Once the pictures are set aside, reproduce the remaining data exactly.

*** Opening DATA EXCERPT ***

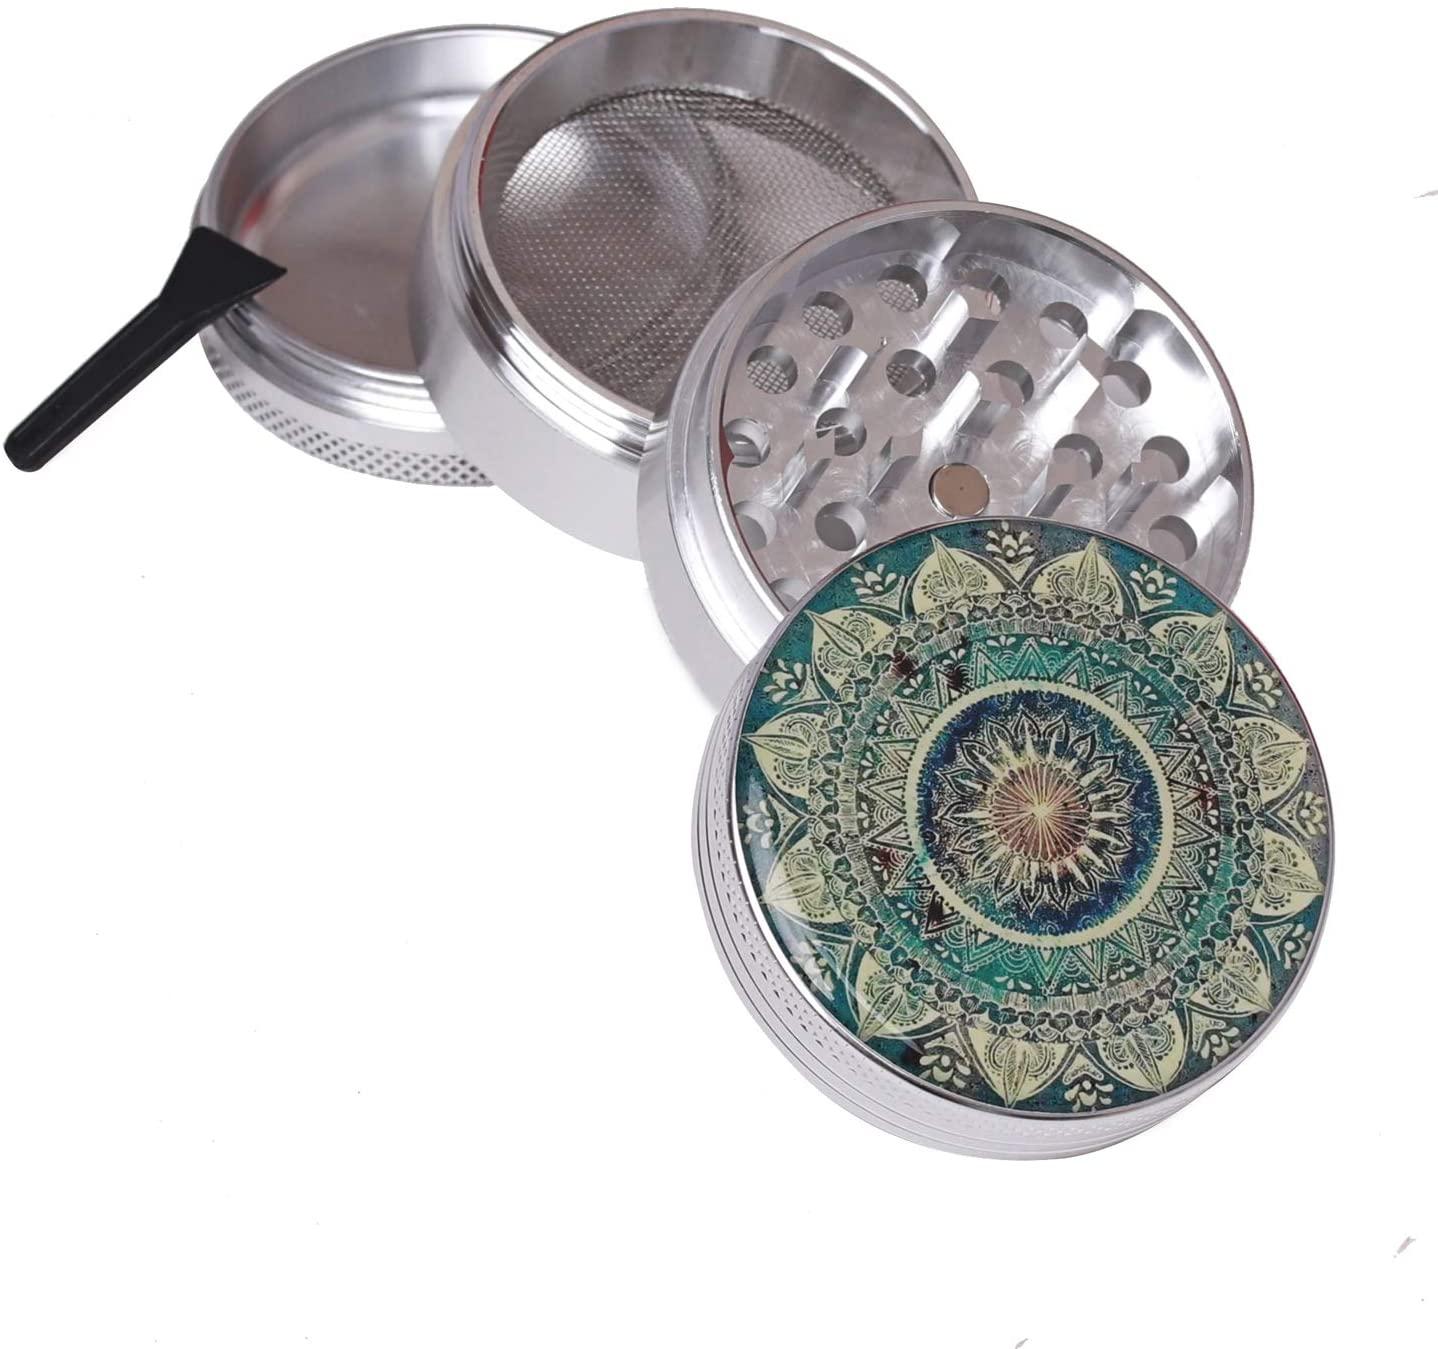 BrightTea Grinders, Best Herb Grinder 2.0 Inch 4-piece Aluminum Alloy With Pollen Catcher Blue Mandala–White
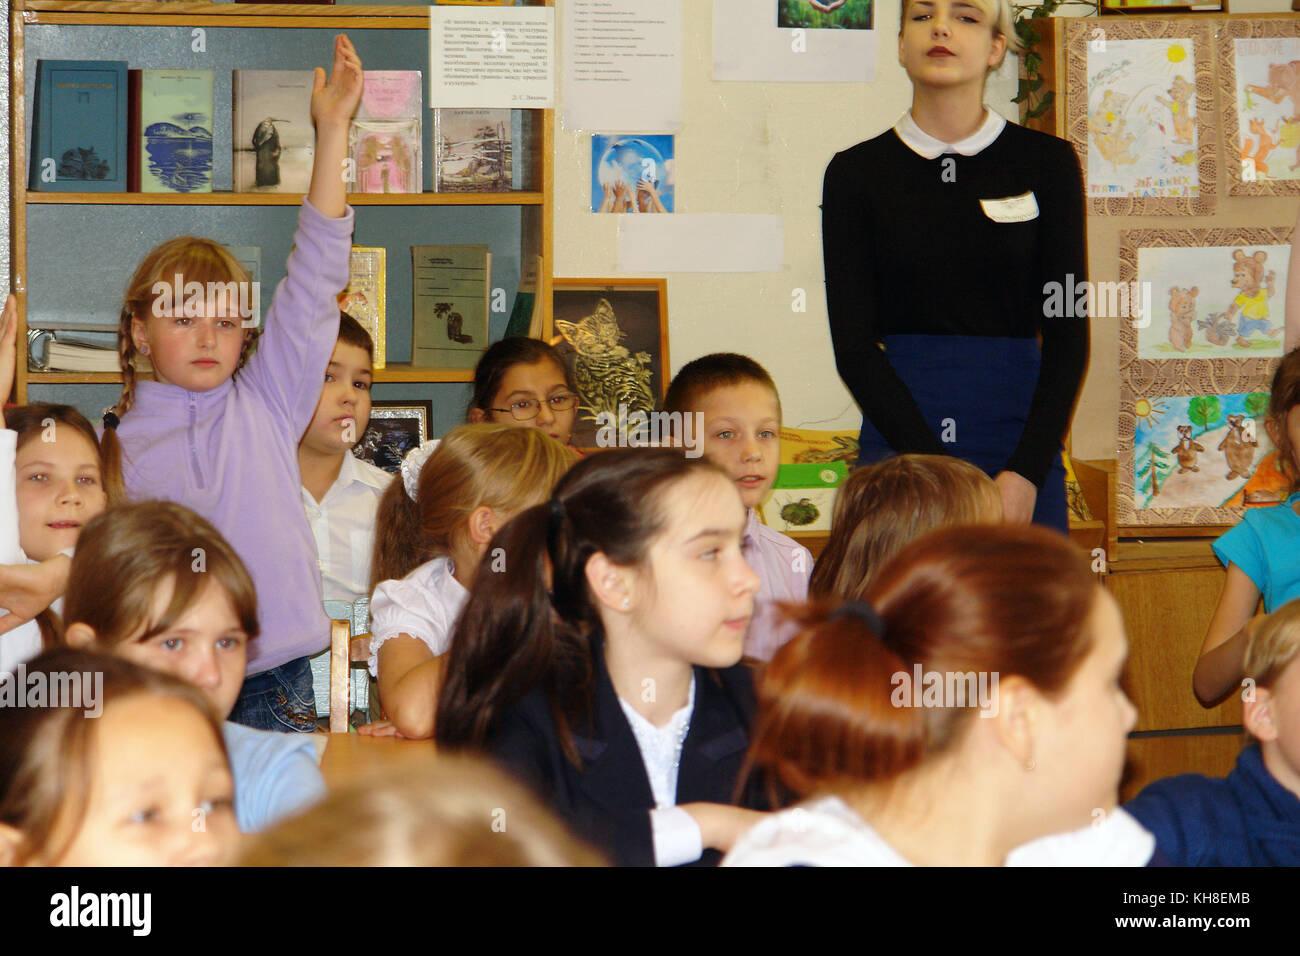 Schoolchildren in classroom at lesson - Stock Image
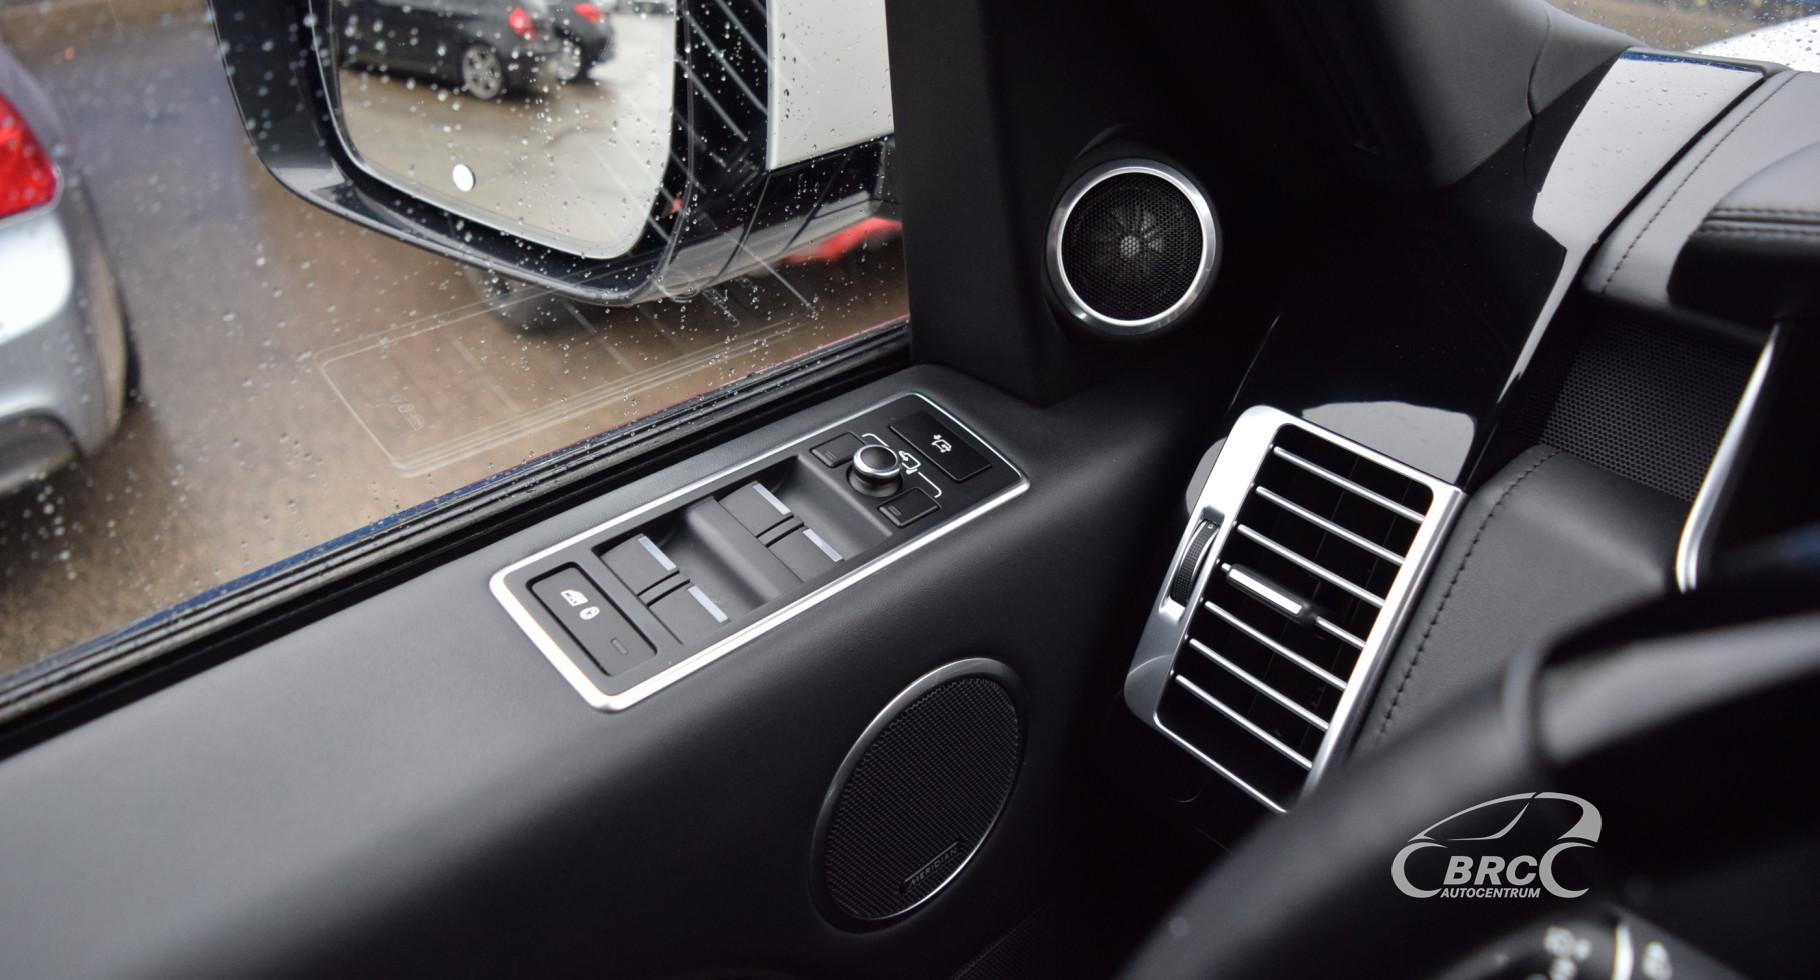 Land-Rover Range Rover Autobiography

*** Closing DATA EXCERPT ***

RESULT:
 BrightTea Grinders, Best Herb Grinder 2.0 Inch 4-piece Aluminum Alloy With Pollen Catcher Blue Mandala–White
 Schoolchildren in classroom at lesson - Stock Image
 Land-Rover Range Rover Autobiography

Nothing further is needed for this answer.